Он положил трубку и лег, глядя на телефон, словно это была черная
ядовитая гадина, которая непременно ужалит снова. Две минуты спустя так и
случилось, и ему пришлось взять трубку - это ведь мог быть самый
обыкновенный пациент.
- Слушаю, кто говорит?
Тот же голос произнес:
- Вам надо приехать. Он при смерти.
Доктор Пларр, сдаваясь, спросил:
- Чего вы от меня хотите?
- Выйдите на улицу. Мы вас подберем ровно через пять минут. Если нас не
будет, выйдите еще раз через десять минут. После этого выходите через
каждые пять минут.
- Сколько на ваших часах?
- Шесть минут третьего.
Доктор надел рубашку и брюки; потом положил в портфель то, что могло
ему понадобиться (скорее всего, речь шла о пулевом ранении), и тихо
спустился по лестнице в одних носках. Он знал, что шум лифта проникает
сквозь тонкие стены каждой квартиры. В десять минут третьего он уже стоял
возле дома, в двенадцать минут третьего он ждал на улице, а в восемнадцать
минут опять вошел в дом. Страх приводил его в бешенство. Его свобода, а
может быть, и жизнь находились в руках безнадежных растяп. Он знал только
двух членов группы, они учились с ним в Асунсьоне, а те, с кем ты провел
детство, кажется, так и не становятся взрослыми. У него было не больше
веры в их деловую сноровку, чем тогда, когда они были студентами;
организация, в которую они когда-то входили в Парагвае - "Ювентуд
фебрериста" - мало чего добилась, разве что погубила большинство своих
членов в ходе плохо задуманной и дурно проведенной партизанской акции.

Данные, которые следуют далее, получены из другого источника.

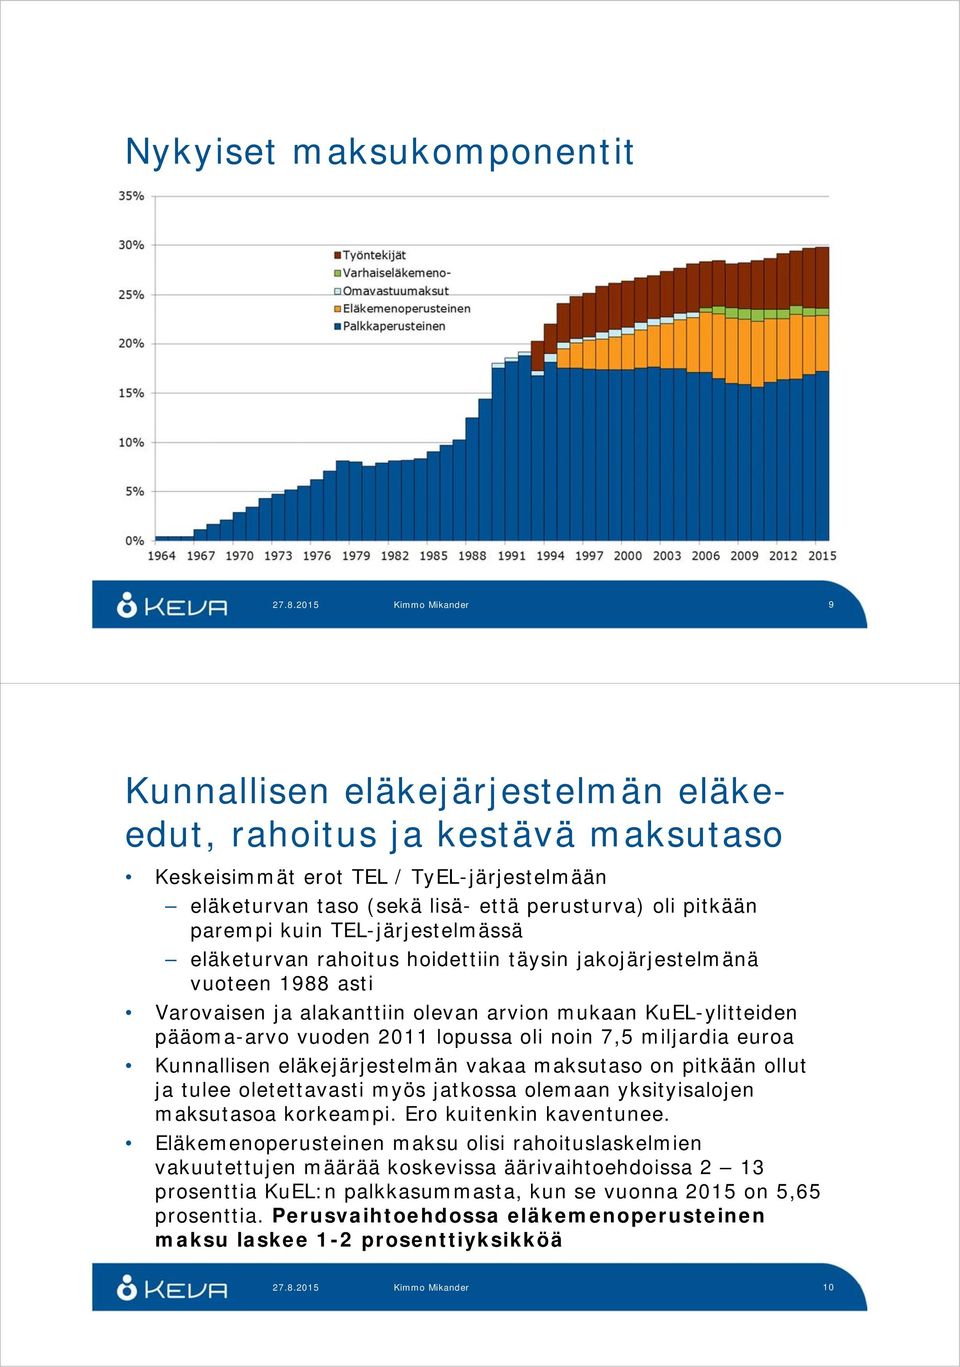 lopussa oli noin 7,5 miljardia euroa Kunnallisen eläkejärjestelmän vakaa maksutaso on pitkään ollut ja tulee oletettavasti myös jatkossa olemaan yksityisalojen maksutasoa korkeampi.
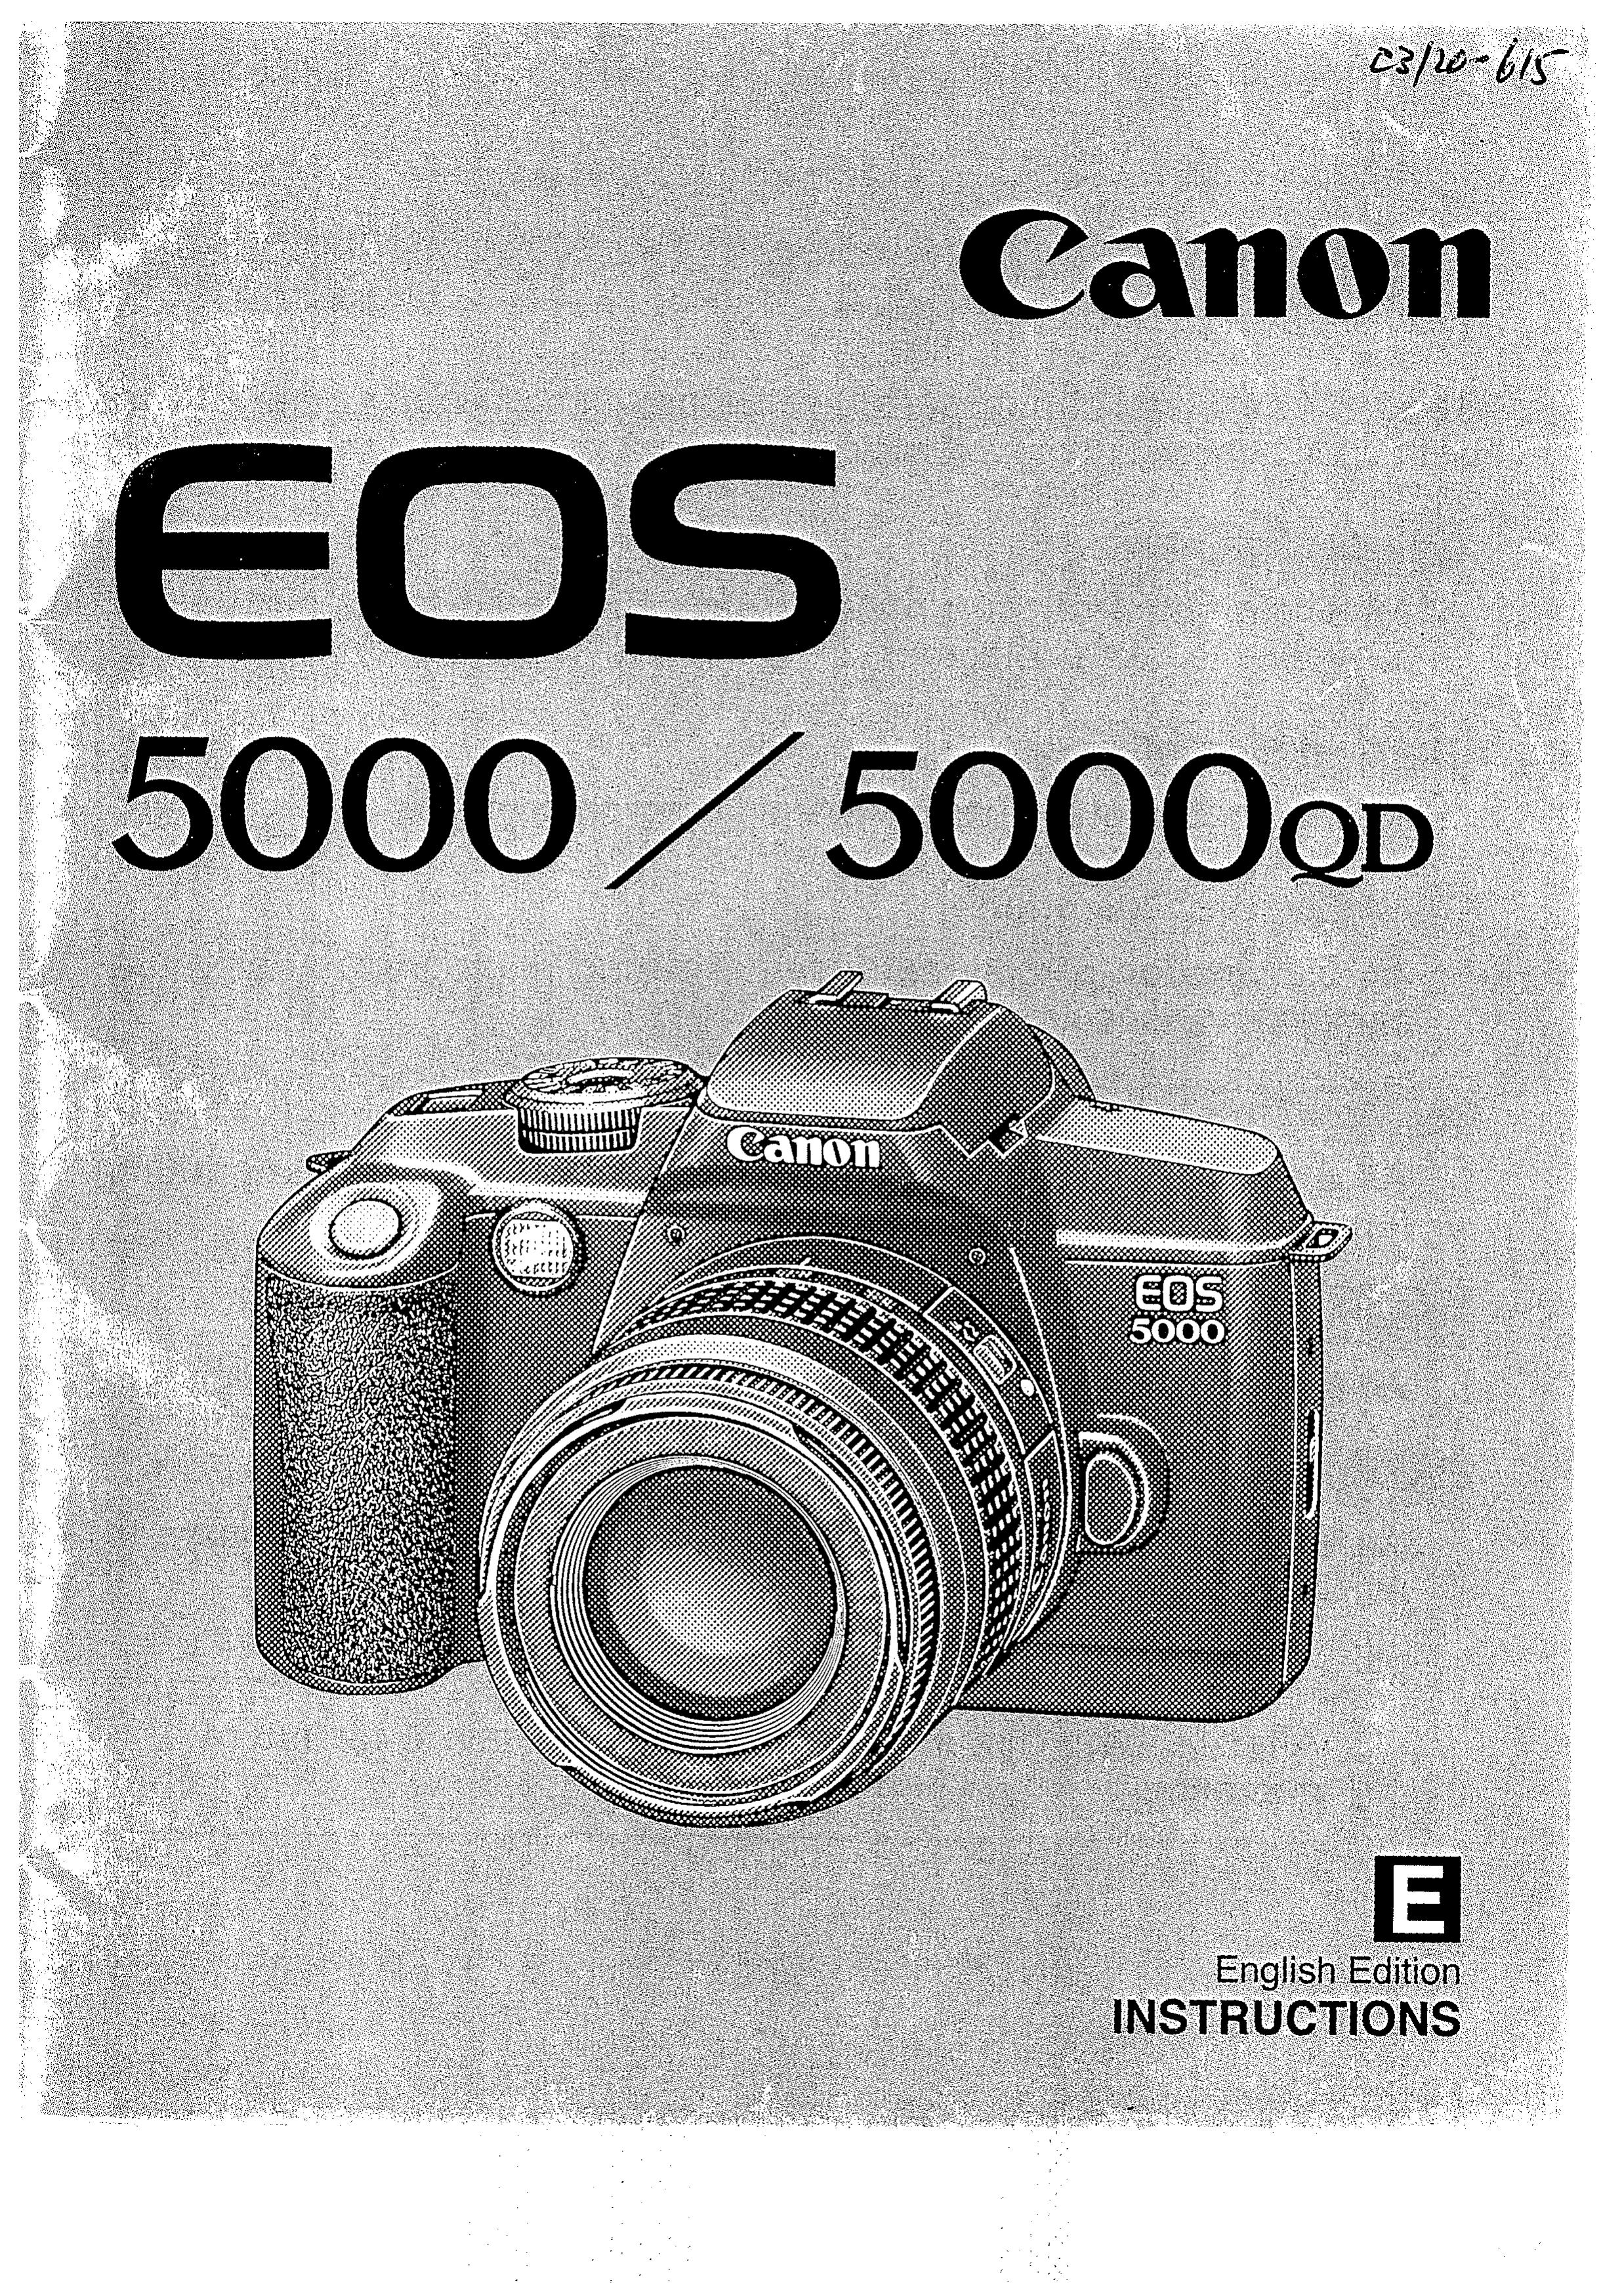 Canon 5000QD Film Camera User Manual

Однако именно эта любительщина и вовлекла его в то сообщество. В планы
их он не верил и слушал их только по дружбе. Когда он расспрашивал, что
они будут делать в тех или иных обстоятельствах, жестокость ответов
казалась ему своего рода актерством (они все трое играли небольшие роли в
школьной постановке "Макбета" - прозаический перевод не делал события
пьесы более достоверными).
А теперь, стоя в темном вестибюле и напряженно вглядываясь в светящийся
циферблат часов, он понимал, что никогда ни на йоту не верил, что они
перейдут к действиям. Даже тогда, когда дал им точные сведения о том, где
будет находиться американский посол (подробности он узнал у Чарли Фортнума
за стаканом виски), и снабдил их снотворным, он ни на минуту не
сомневался, что ничего не произойдет. И только когда, проснувшись утром,
услышал голос Леона: "Спектакль идет удачно", ему подумалось, что эти
любители все же могут быть опасными. Кто же теперь умирал - Леон Ривас?
Или Акуино?
Было двадцать две минуты третьего, когда он вышел на улицу в третий
раз. За угол дома завернула машина и остановилась, но мотора не выключили.
Ему махнули рукой.
Насколько он мог разглядеть при свете щитка, человек за рулем был ему
незнаком, но его спутника он узнал и в темноте по жидкой бородке. Акуино
отрастил эту бородку в полицейской камере и там же начал писать стихи, там
же, в камере, он приобрел неудержимое пристрастие к чипа - непропеченным
лепешкам из маниоки, - к ним можно пристраститься только с голодухи.
- Что случилось, Акуино?
- Машина не заводилась. Засорился карбюратор. Верно, Диего? А кроме
того, там был полицейский патруль.
- Я спрашиваю, кто умирает?
- Надеемся, что никто.
- А Леон?
- В порядке.
- Зачем же ты позвонил? Ведь обещал меня не впутывать. И Леон обещал.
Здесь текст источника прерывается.